## Assigned task
Using the data below, restate exactly every line from the one with "1958 türk çocukları 1" up to and including the one with "Seis sopas variadas". No picture belongs in it.

** Opening The data block **

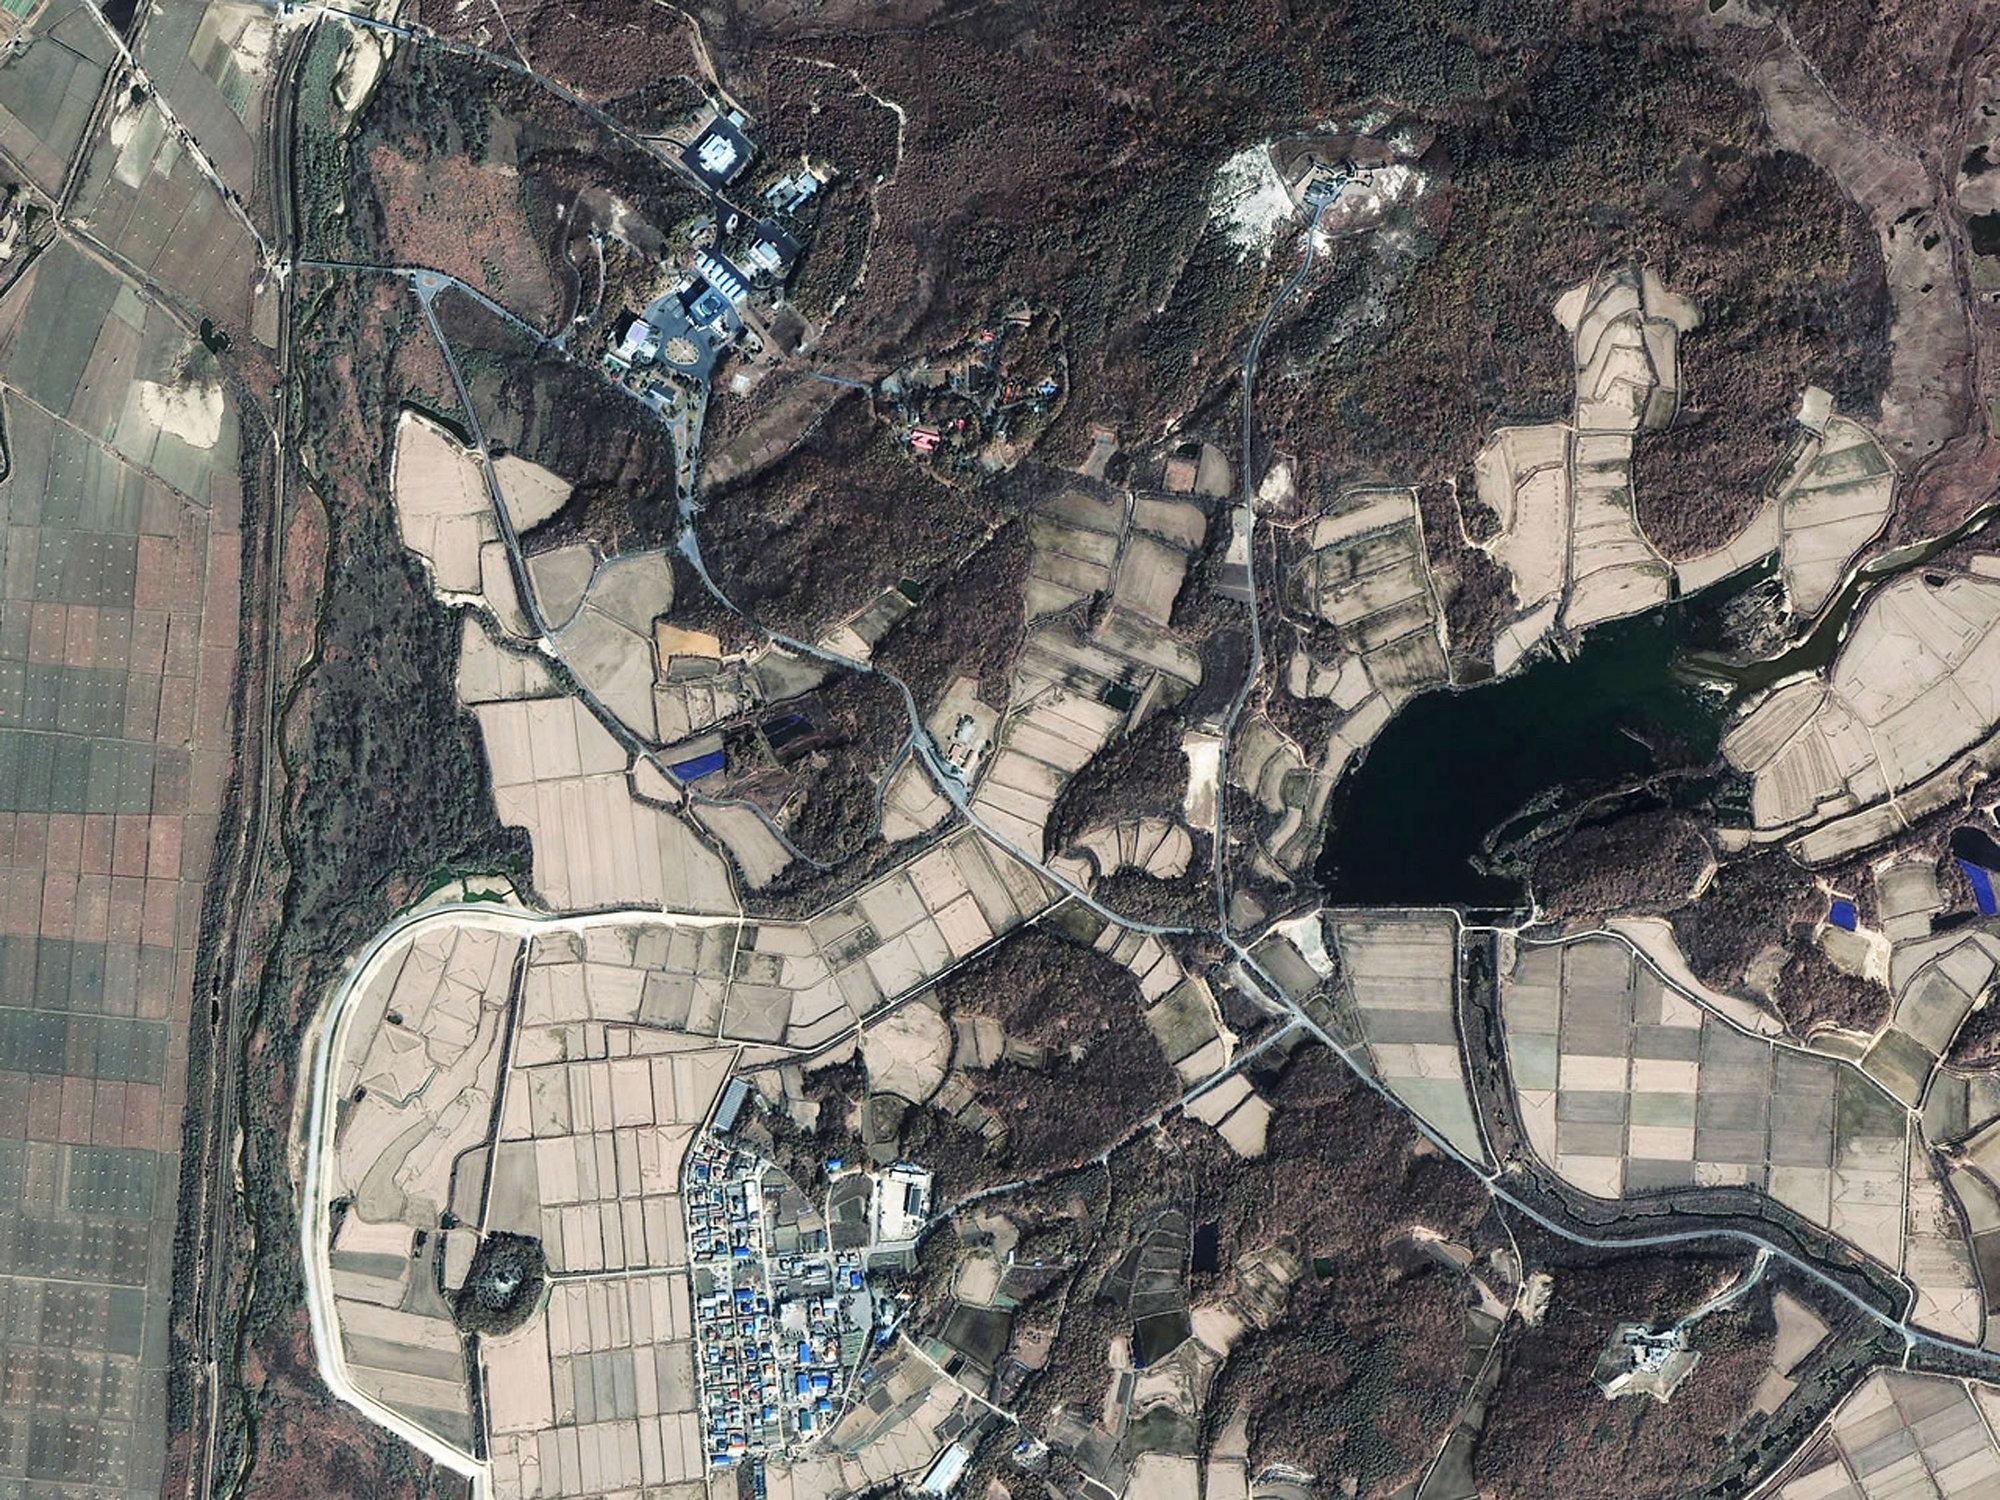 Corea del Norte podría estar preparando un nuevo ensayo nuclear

** Closing The data block **
** Opening The data block **

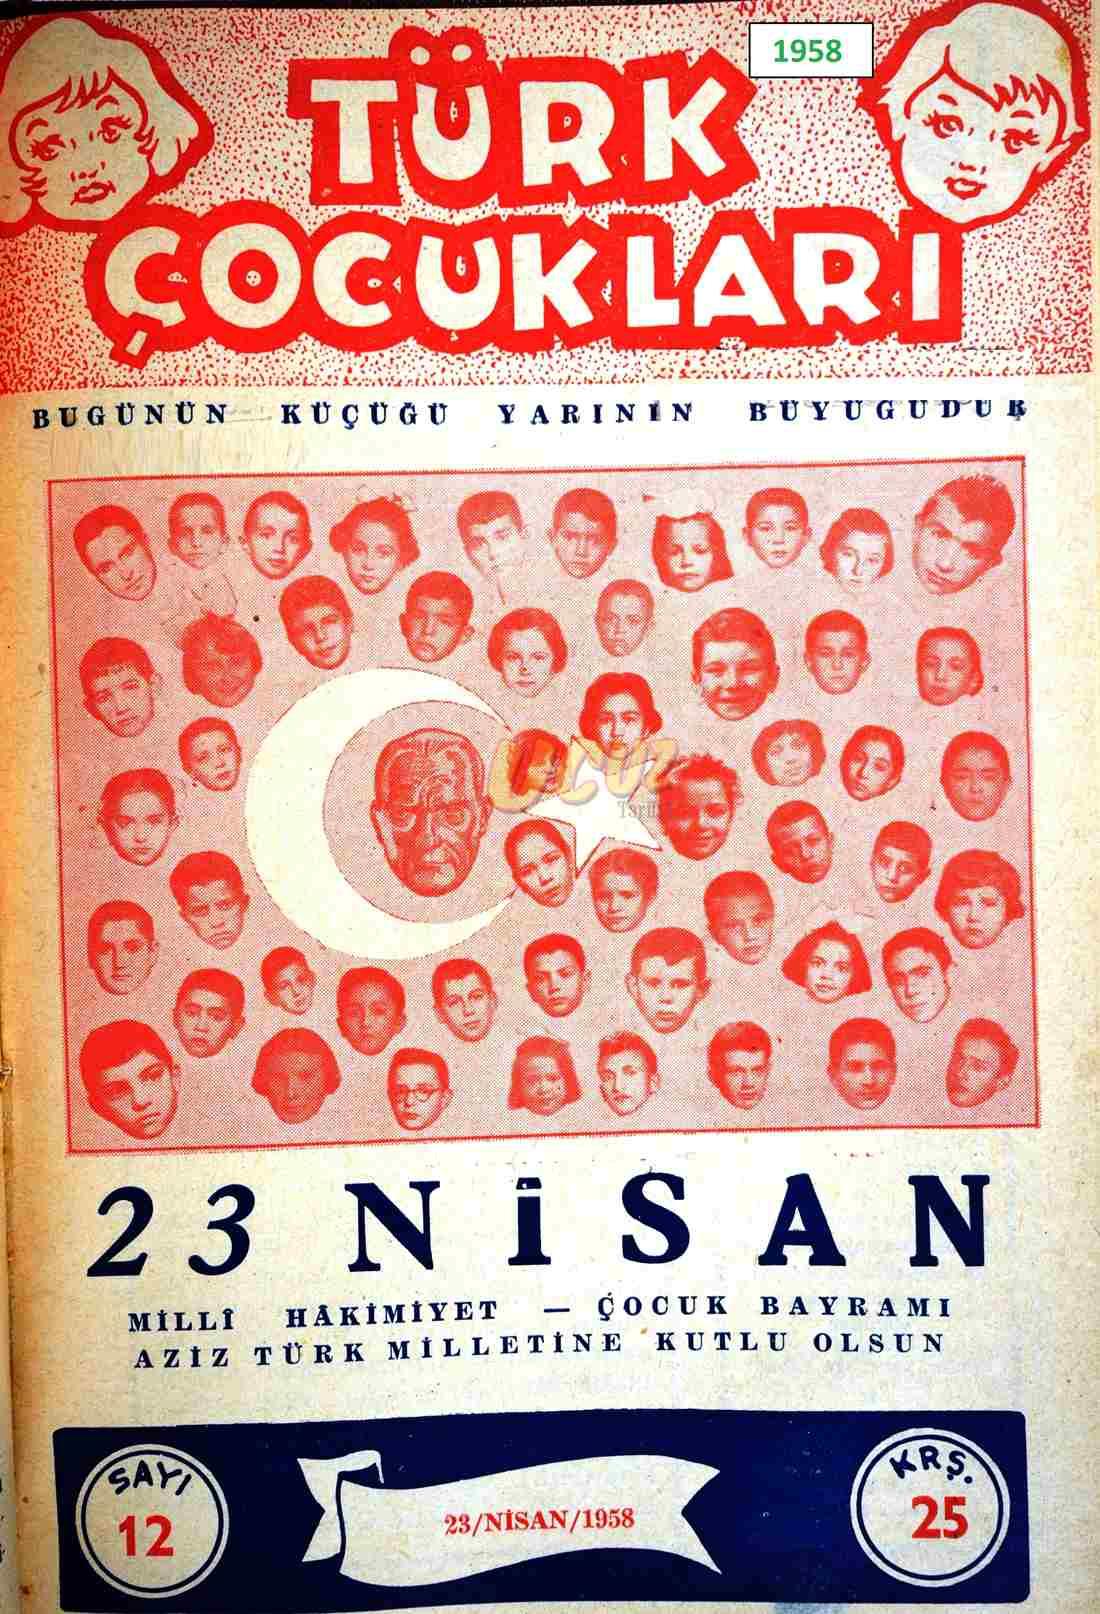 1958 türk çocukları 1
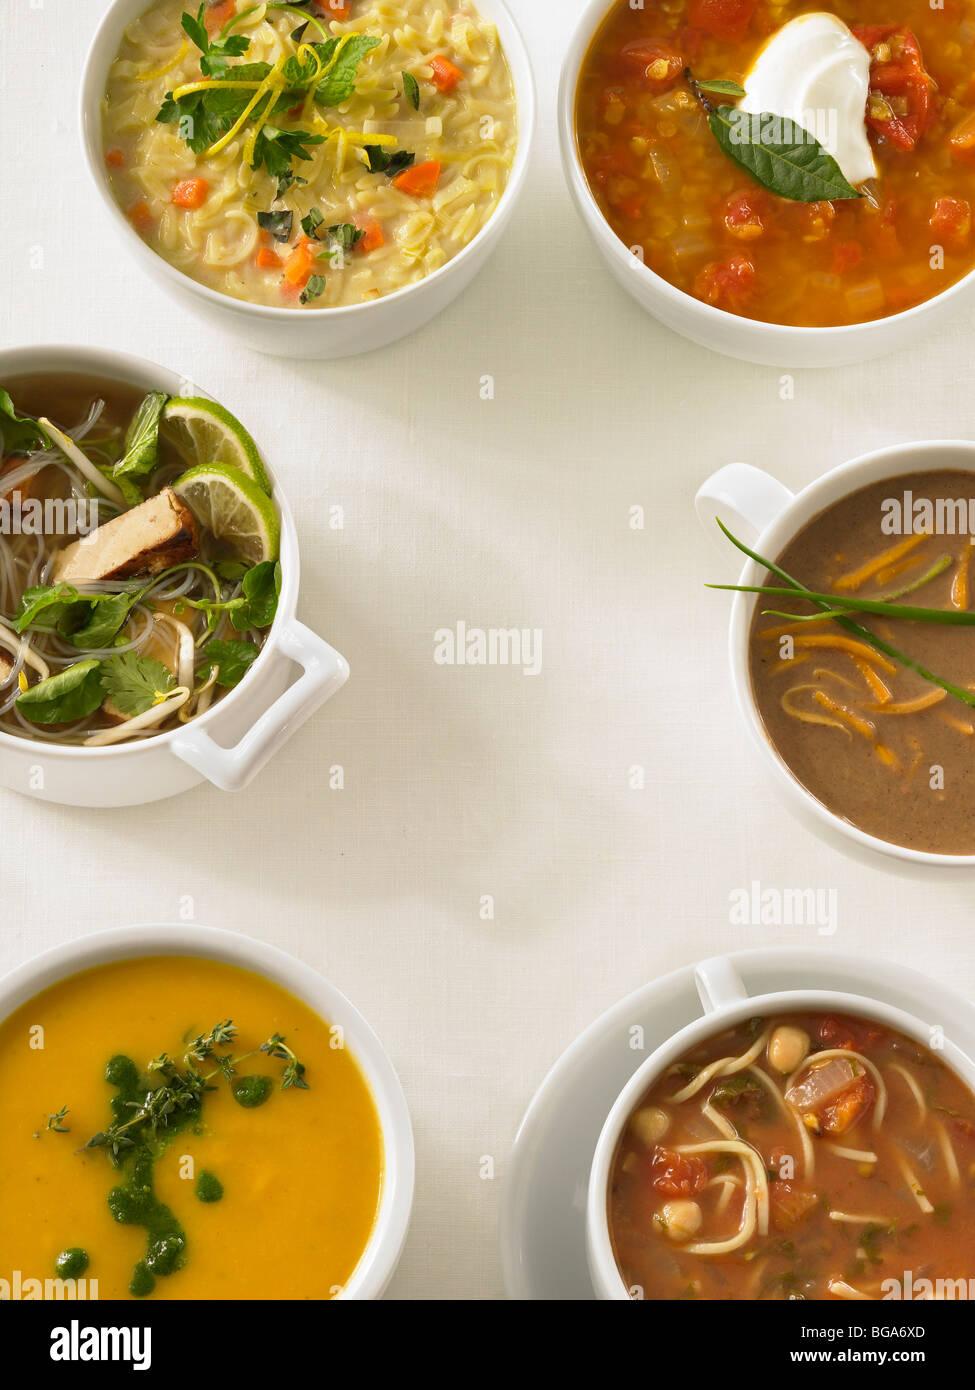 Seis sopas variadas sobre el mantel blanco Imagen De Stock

** Closing The data block **
** Opening The data block **

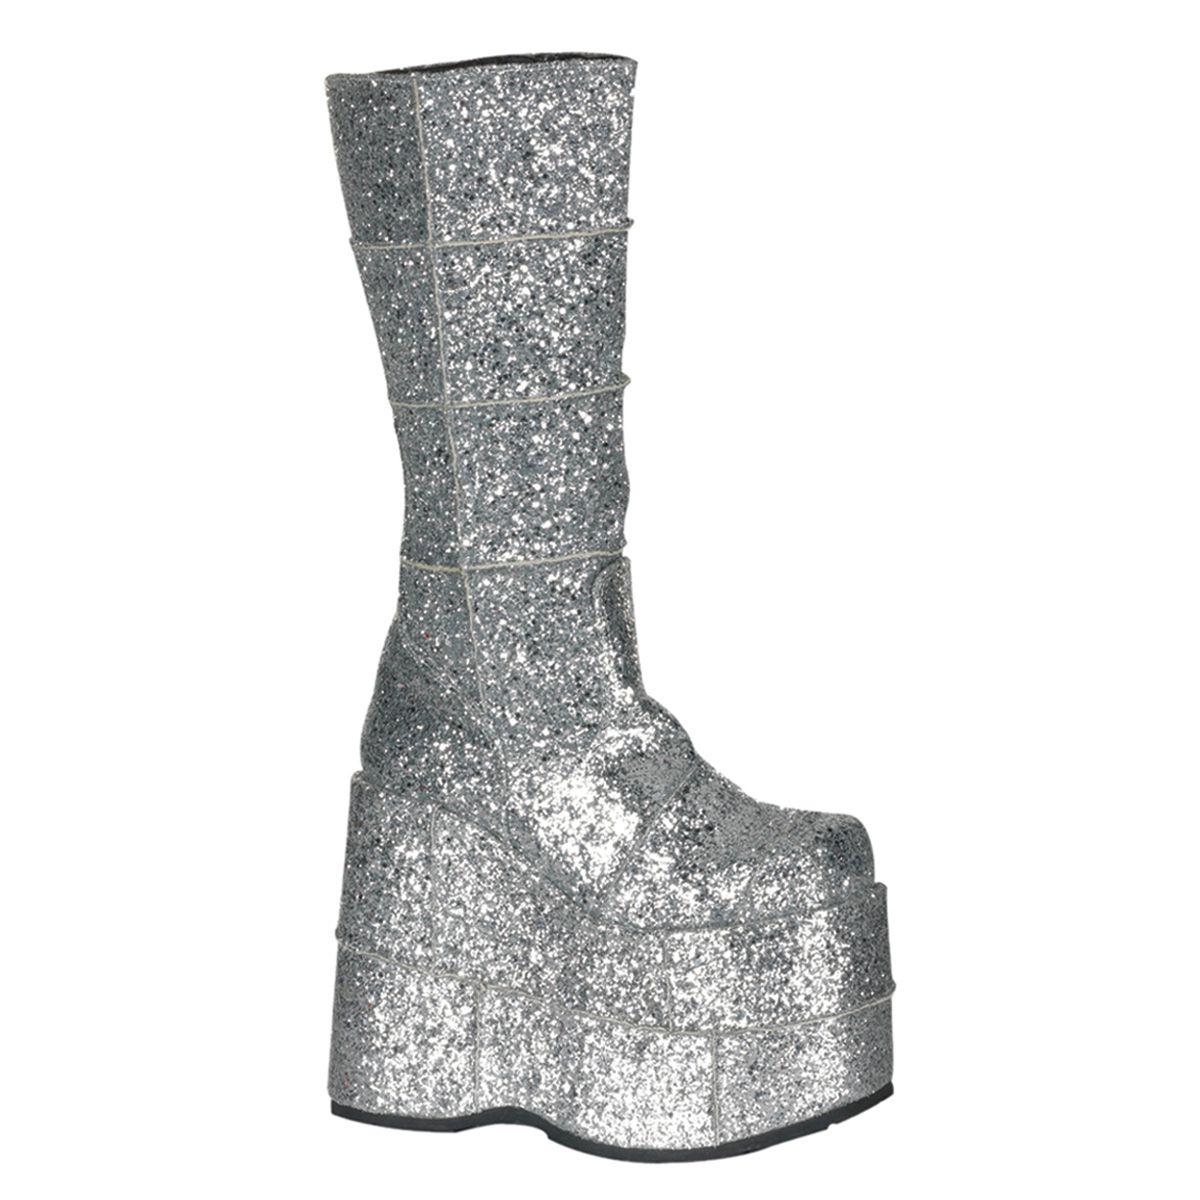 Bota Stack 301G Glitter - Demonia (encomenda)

** Closing The data block **

## Task output
 1958 türk çocukları 1
 Seis sopas variadas sobre el mantel blanco Imagen De Stock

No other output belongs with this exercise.